• **DATA**:
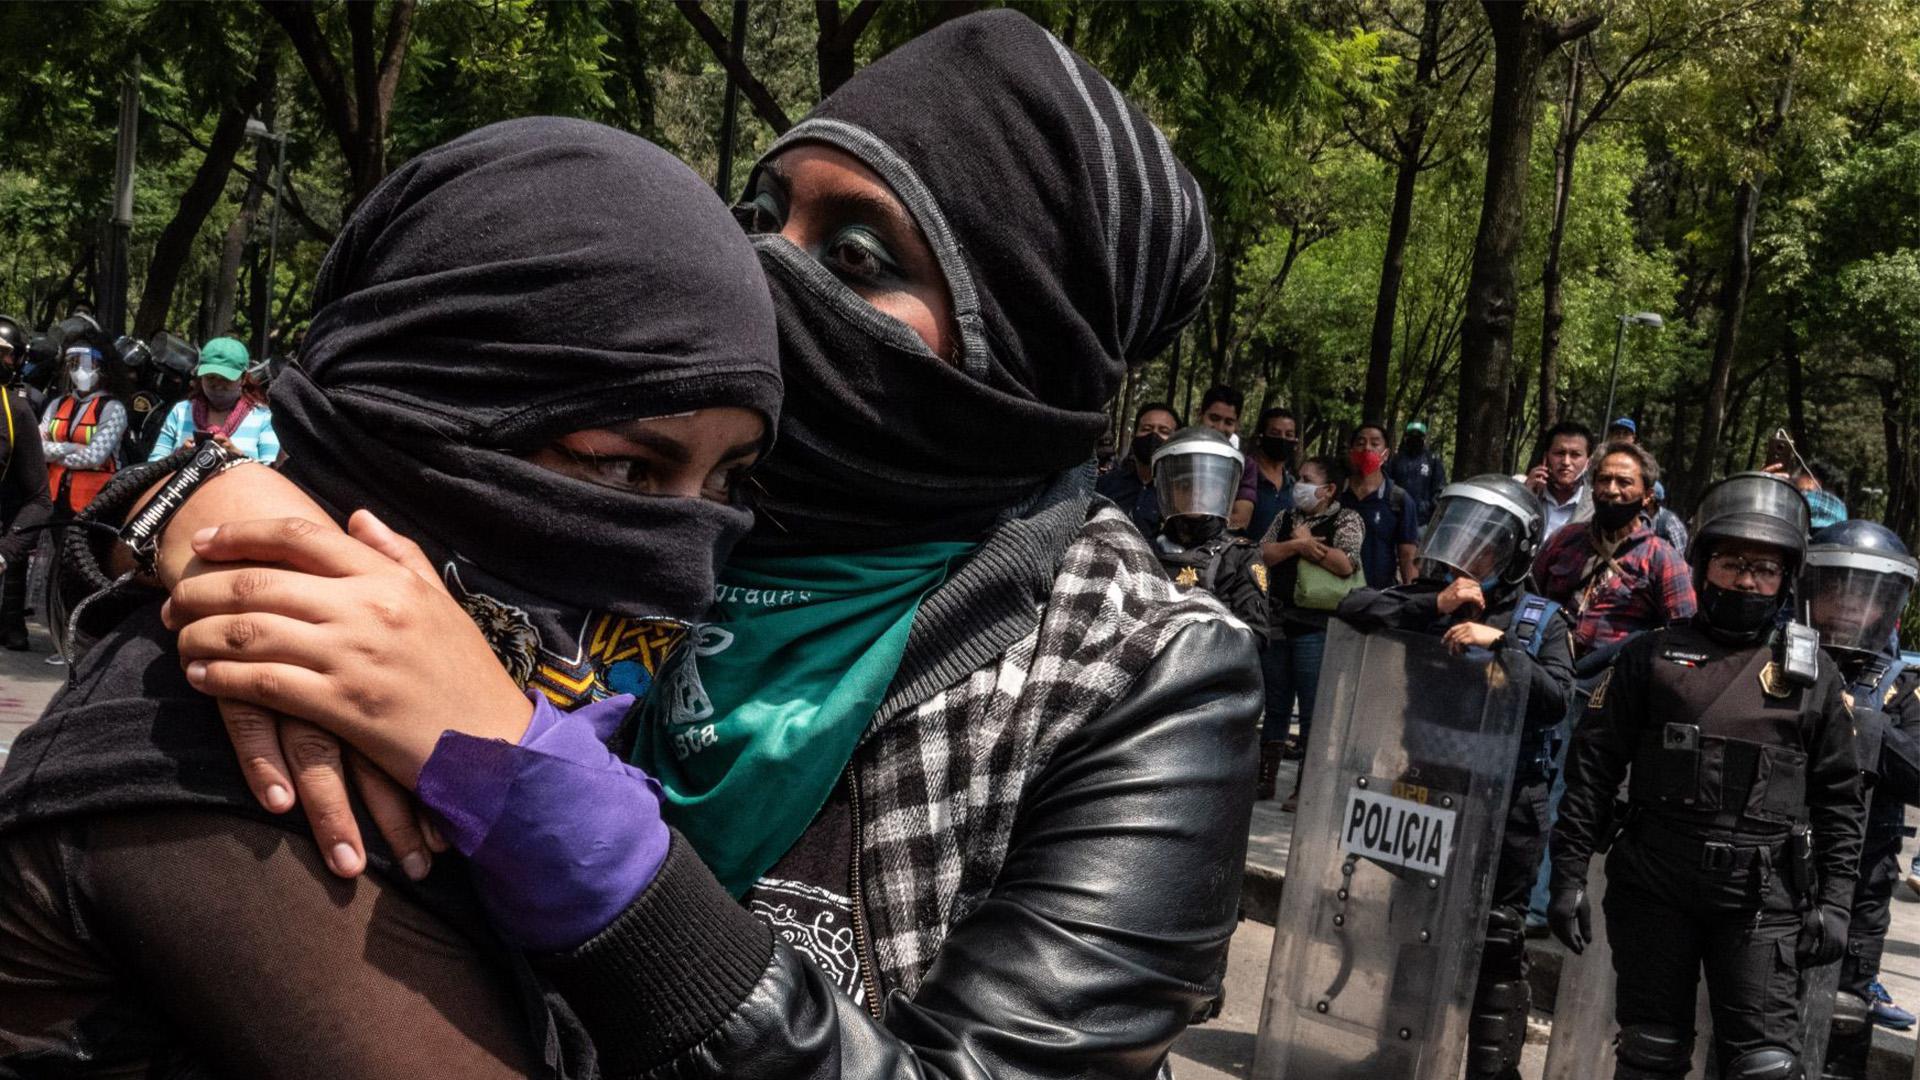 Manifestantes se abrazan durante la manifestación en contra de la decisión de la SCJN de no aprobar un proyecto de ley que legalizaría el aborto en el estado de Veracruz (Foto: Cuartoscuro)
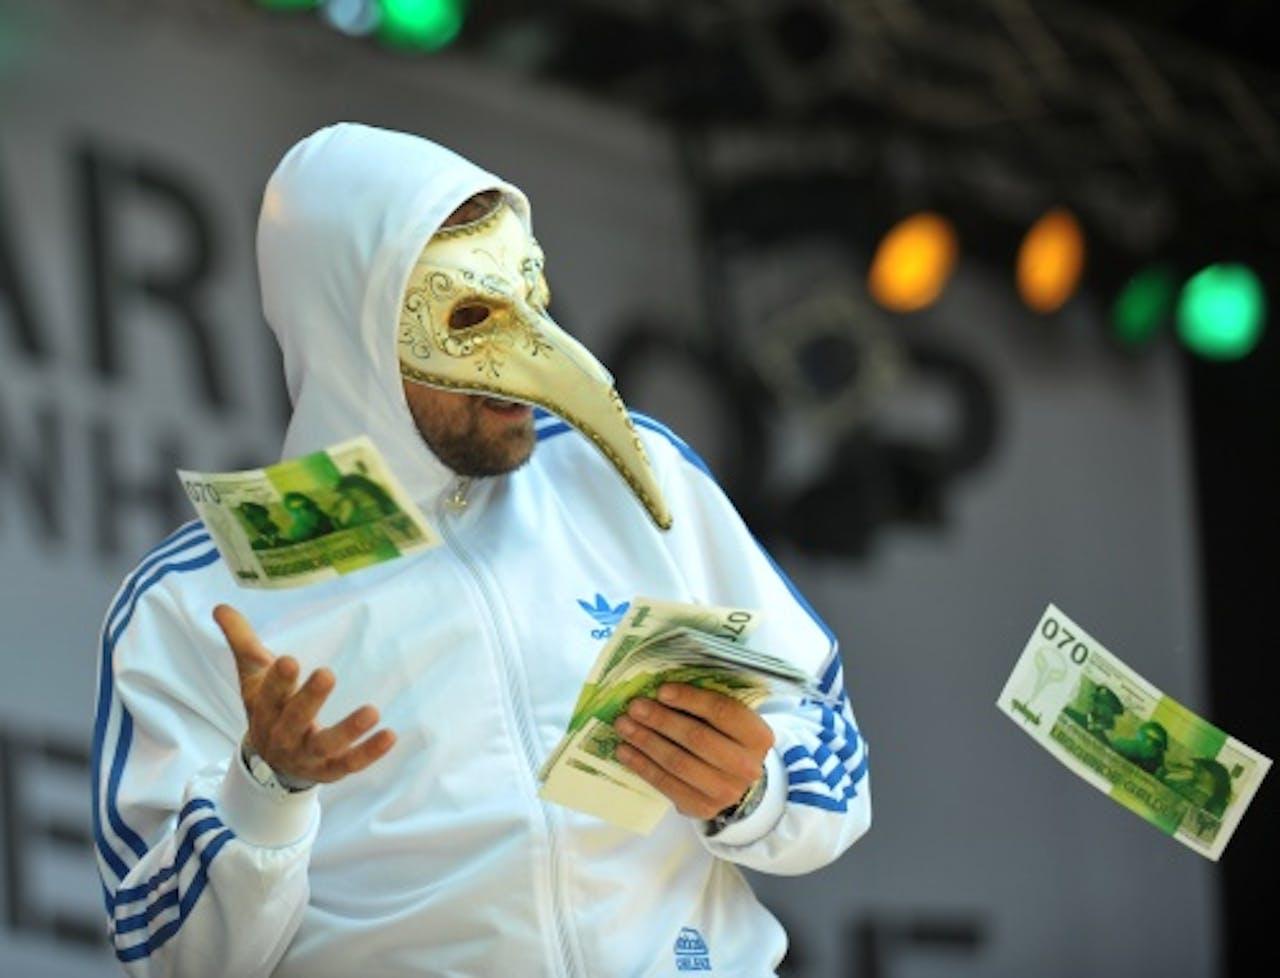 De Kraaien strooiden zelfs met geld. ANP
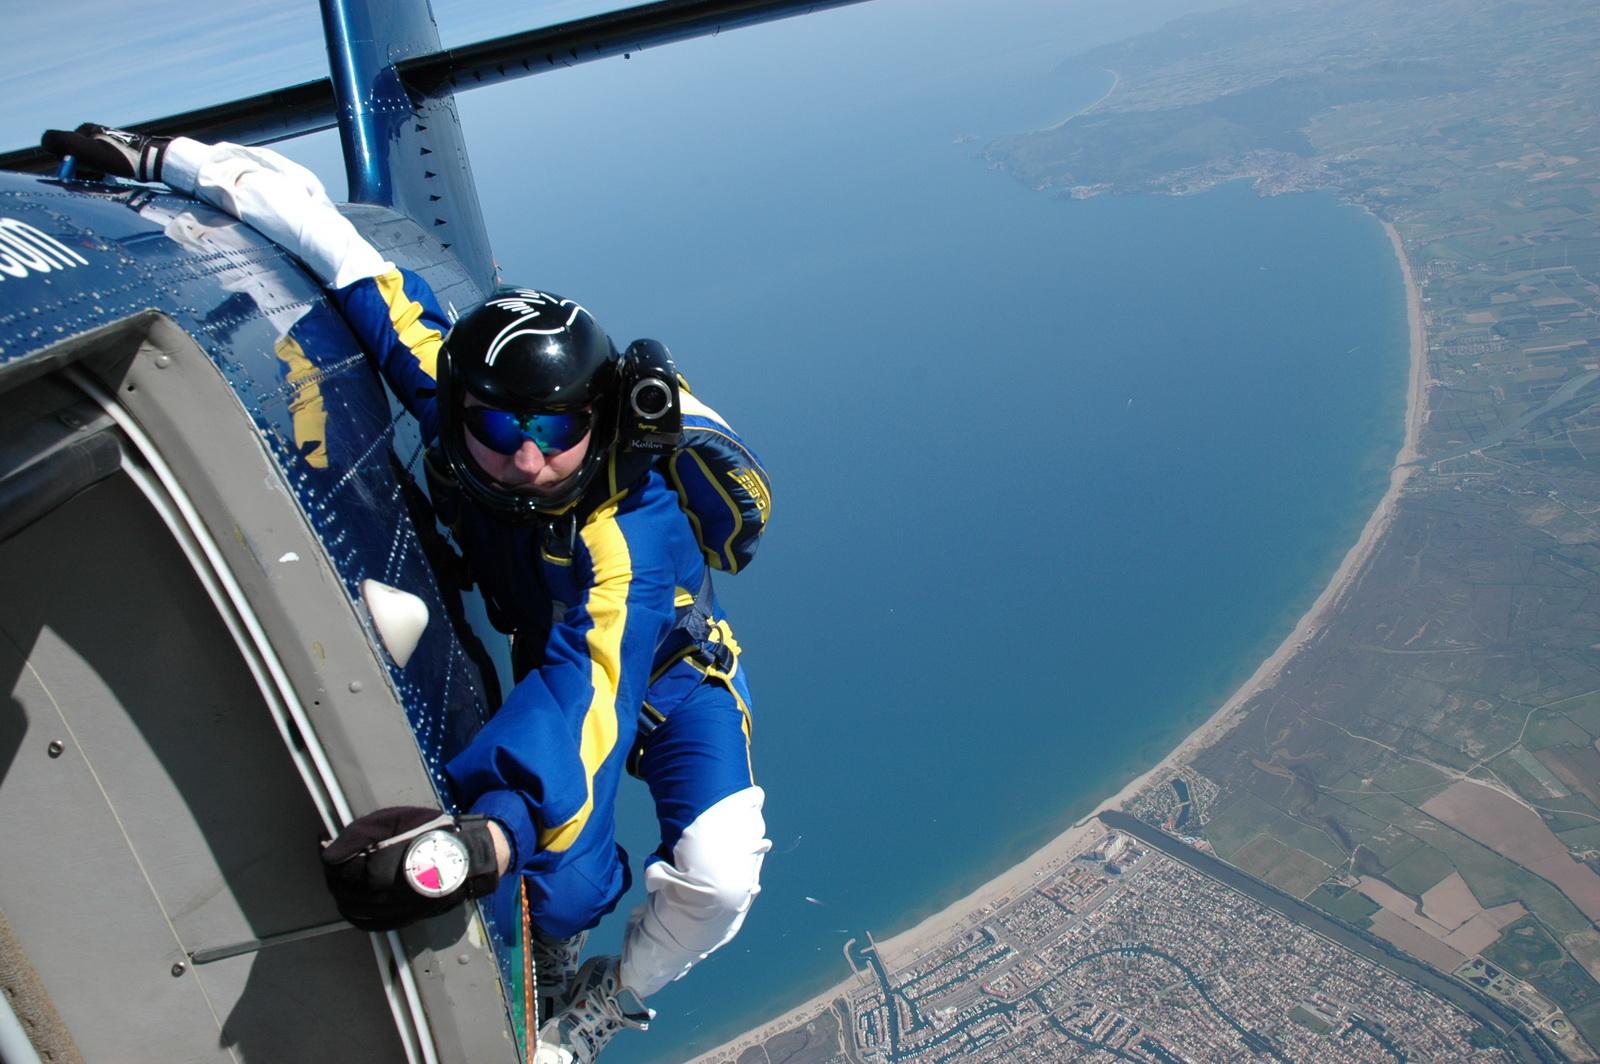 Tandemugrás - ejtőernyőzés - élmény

• **ACTIVITY**: Give again, exactly, each line from the one that contains "De Kraaien strooiden zelfs met geld. ANP" through the last line of the material above. Pictures do not belong in the copy.

• **EXERCISE ANSWER**:
 De Kraaien strooiden zelfs met geld. ANP
 Tandemugrás - ejtőernyőzés - élmény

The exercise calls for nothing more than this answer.